For losses on 2014 crops covered by the Non-insured Assistance Program (NAP) policies, producers must contact their local FSA of¬fice within 15 days of the occurrence of the disaster or when losses become apparent to file a Notice of Loss.  Losses to crops need to be reported after each occurrence of damage and in a timely manner to insure continued eligibility for benefits.  Producers with crop insurance should contact their local agent when losses occur and before destroying the crop.

Producers are required to report 2014 NAP crop acreage by the early of July 15, 2014 or within 15 days of the onset of harvest. Failure to report your acreage will result in late filing fees and potential loss of benefits under the NAP program.

In addition, NAP producers must also certify 2013 crop production by July 15, 2014 for most spring seeded crops.

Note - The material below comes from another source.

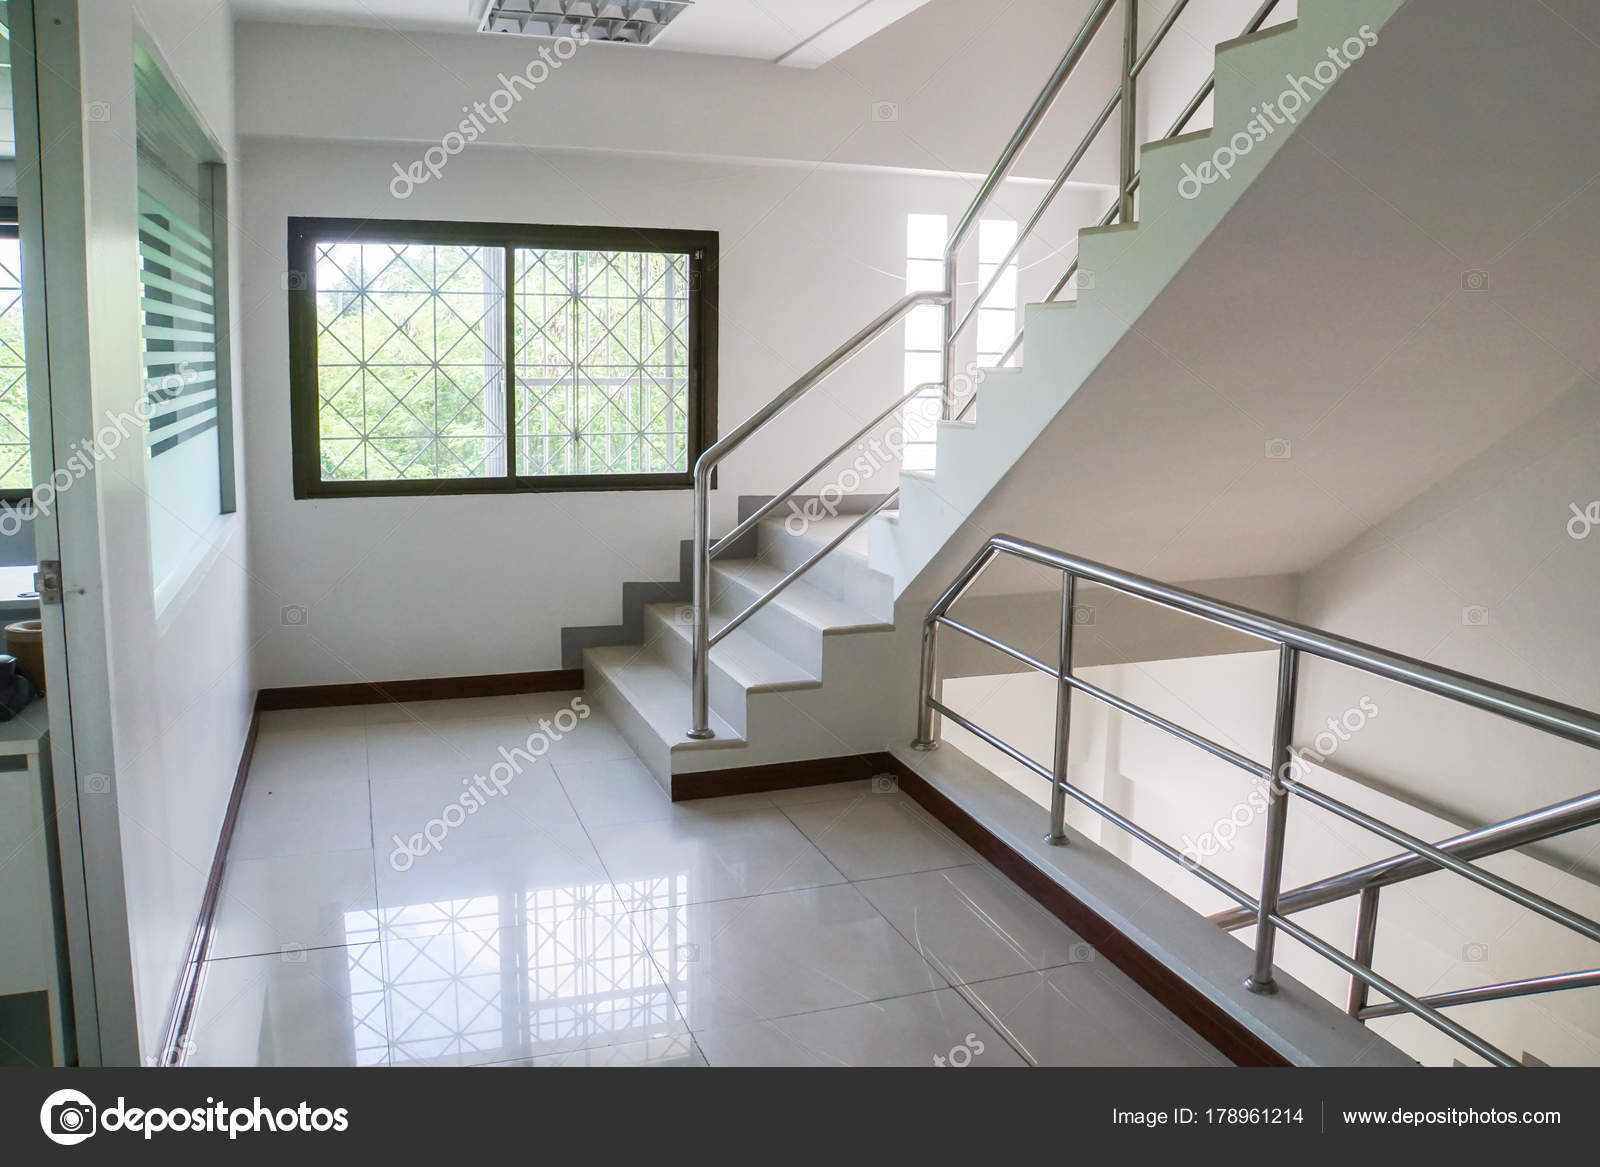 Interieur trap luxe woning u2014 stockfoto © jummie #178961214
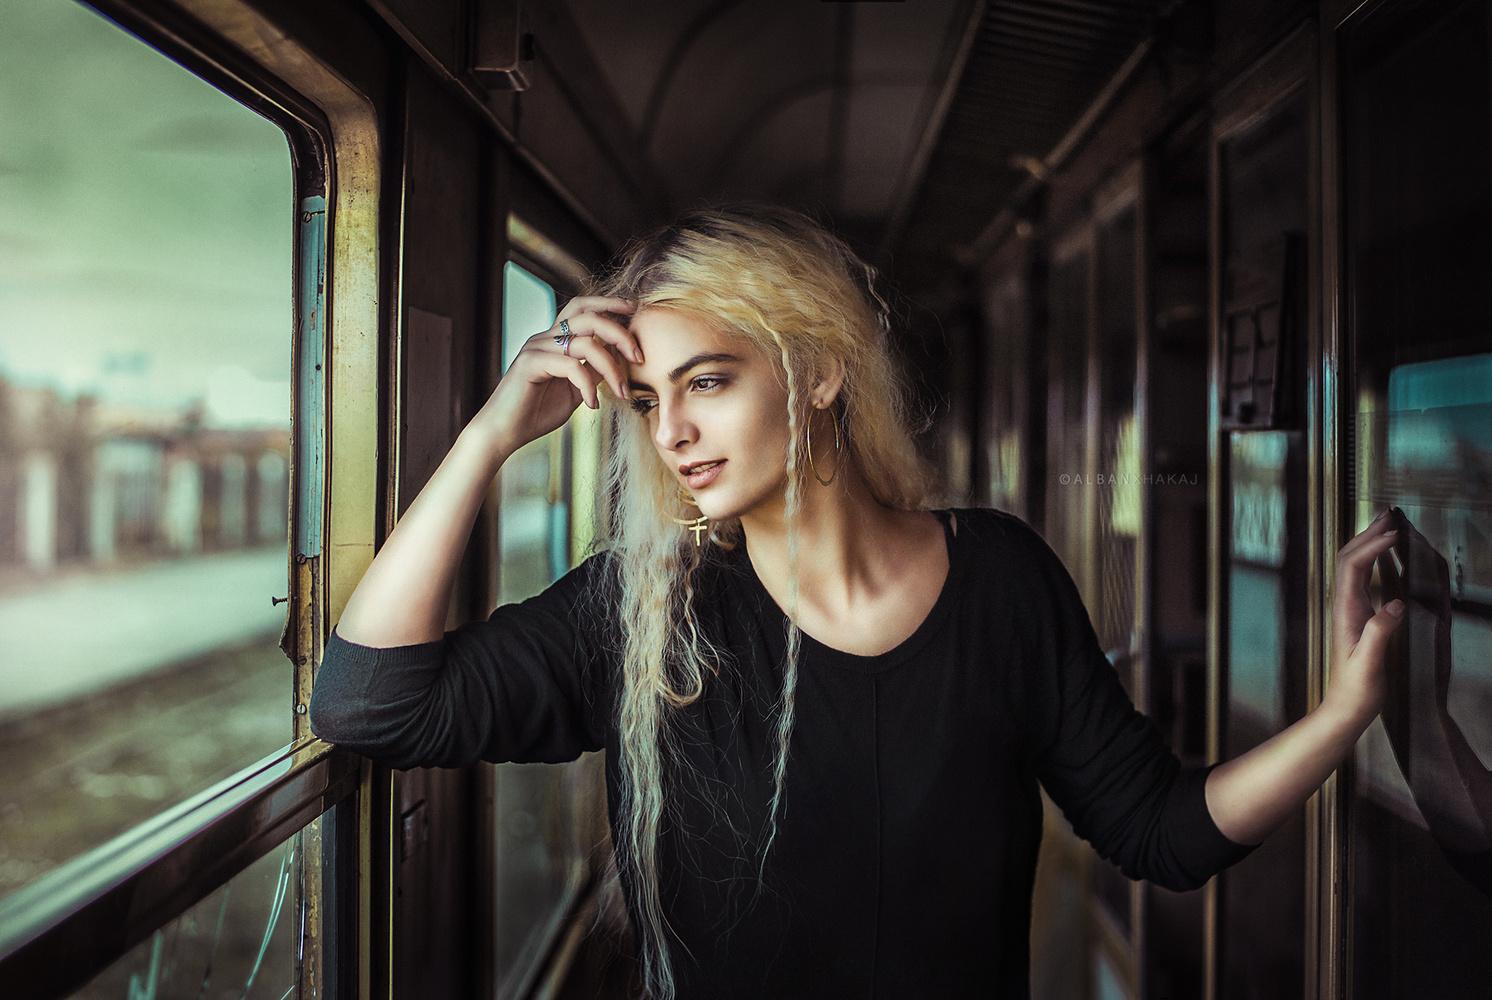 Ledia by Alban Xhakaj

Producers should check with their local FSA offices on production reporting deadlines for crops they have covered by the policies.  If producers fail to report 2013 production by the final reporting date, zero yields or yields reduced by established factors will be used in establishing the actual production history for 2014.  This normally results in lower NAP crop approved yields. All production certifications are subject to spot-check.   Maintaining good production records is key because crop production must be reported on an annual basis to maintain the unit's historical yields.


USDA is an equal opportunity provider and employer. To file a complaint of discrimination, write: USDA, Office of the Assistant Secretary for Civil Rights, Office of Adjudication, 1400 Independence Ave., SW, Washington, DC 20250-9410 or call (866) 632-9992 (Toll-free Customer Service), (800) 877-8339 (Local or Federal relay),
(866) 377-8642 (Relay voice users).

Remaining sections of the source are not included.